Social Justice Personas in the context of technology design might mean something like ‘design personas based on ideal-type users who are social justice activists,’ or it might mean ‘design personas that are developed through a process that is accountable to social justice values’ – or perhaps both. For example, under the former approach designers might specifically create personas for activists from social movement communities or in particular contexts – under open or repressive regimes, or with high or low levels of technology access or literacies. Under the latter approach, designers might meet with community members not just once, to extract information and generate design personas (personas are often created from interview notes), but also to share the design personas back to the community as a kind of accountability measure or reality check.
The Past
During the last hour, we shifted to a hands-on collaborative timeline exercise. We drew both from the work that Nathan shared with us and from workshops developed by Project South. Project South has been around for over two decades, organizing for social, racial, and economic justice among grassroots groups in the U.S. South and beyond. They focus on bottom-up movement building and popular education; one of their techniques involves the development of contextual timelines that link movement history with political history and economic history, as well as with individual experience. We employed this strategy and produced a timeline that tracks ideas, geopolitical events, technologies, and social movements, then added key events from our own lives:
- When we went around the room to discuss the timeline, almost without exception each person described some kind of personal connection to the events they added. This was true whether the event was in the distant past, or more recent. At the end we stepped back to consider contexts in which this workshop might be useful, or not, in a collaborative design process.
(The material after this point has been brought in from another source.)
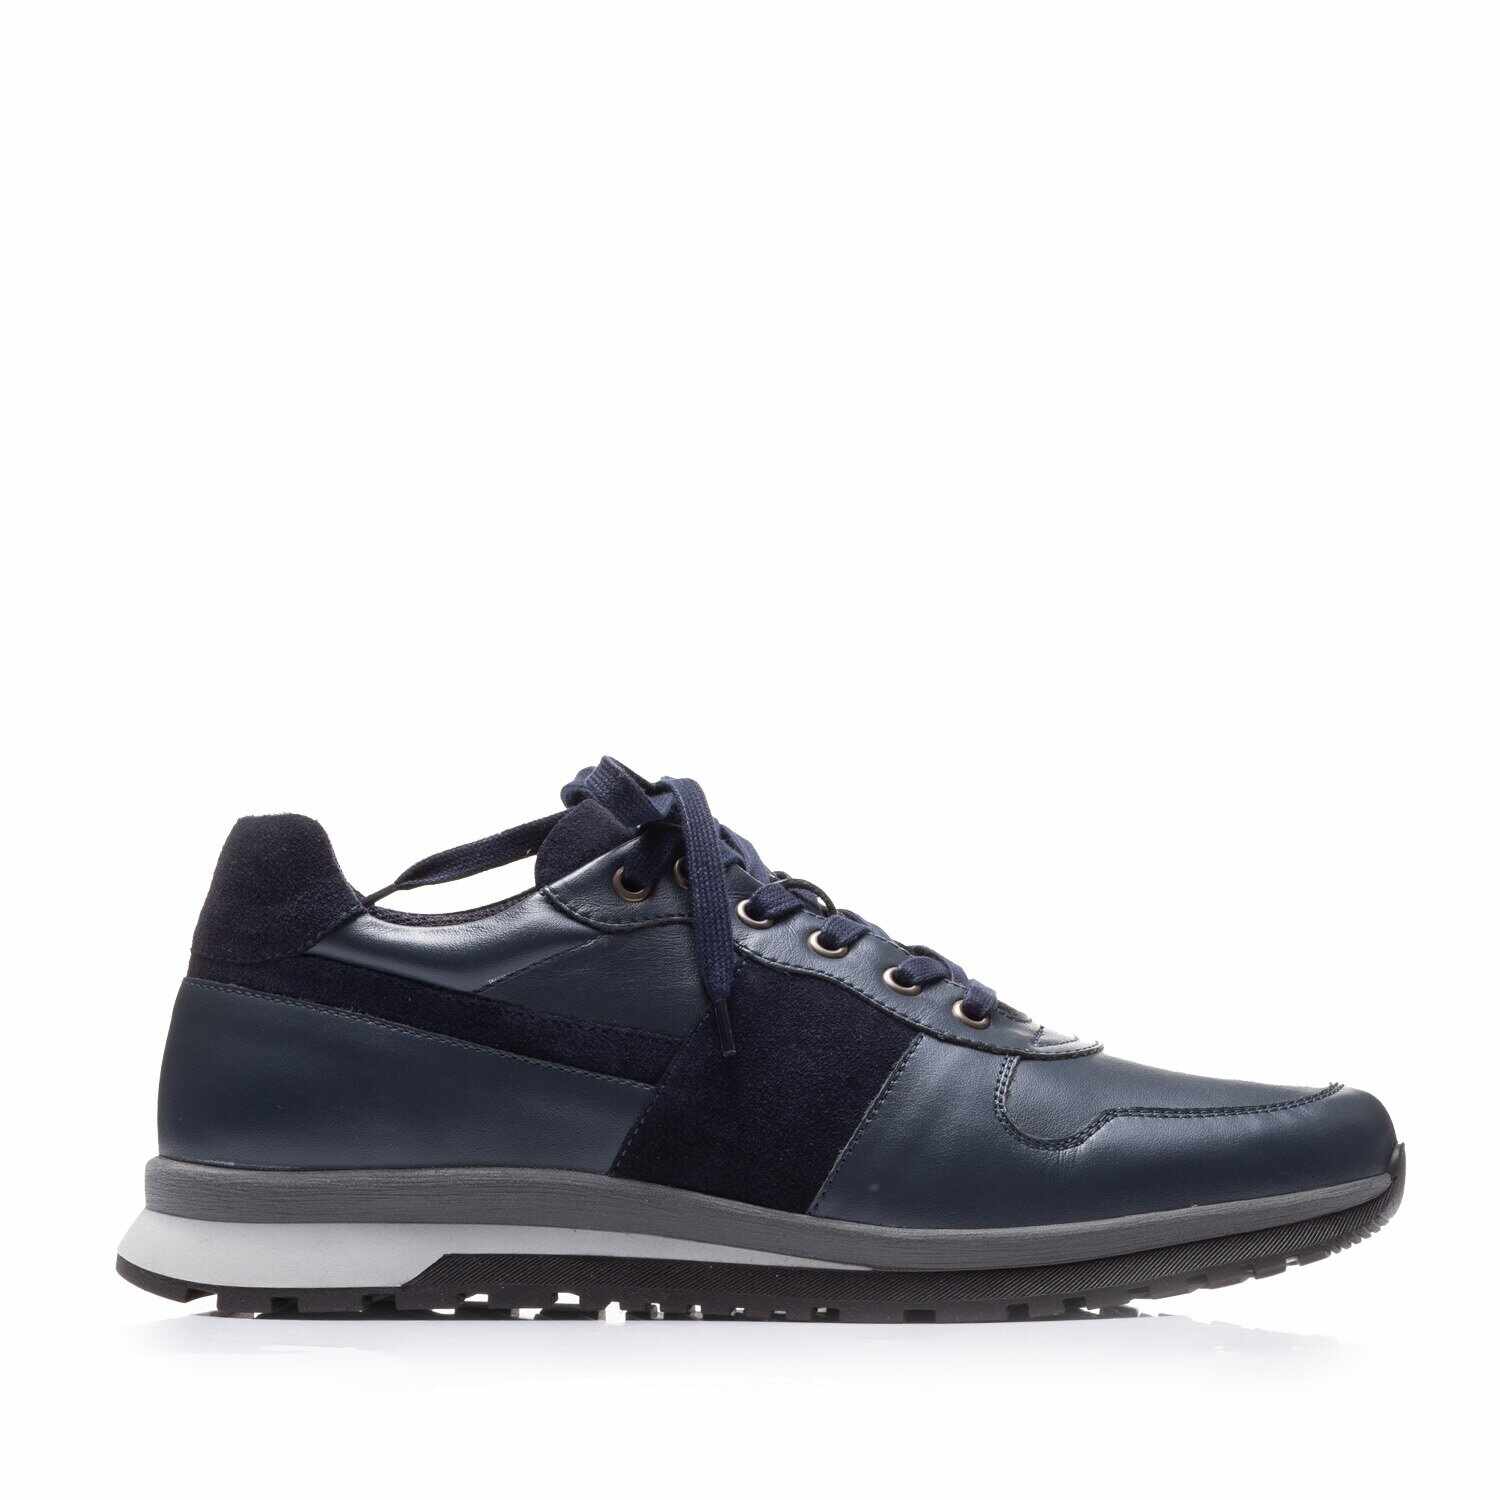 Pantofi sport bărbați din piele naturală, Leofex - Mostră 519-1 Blue Box Velur

Adding the personal events (birth, politicization, migration, family, and so on) provides a space for workshop participants to locate themselves within the arc of intersecting historical forces while simultaneously learning more about one another and building community. An emphasis on the technology timeline might in some cases help participants focus on how past technology design processes may or may not have included their community, get excited about the idea of playing a part in design, think about how technological change is linked to other historical forces, or simply build trust.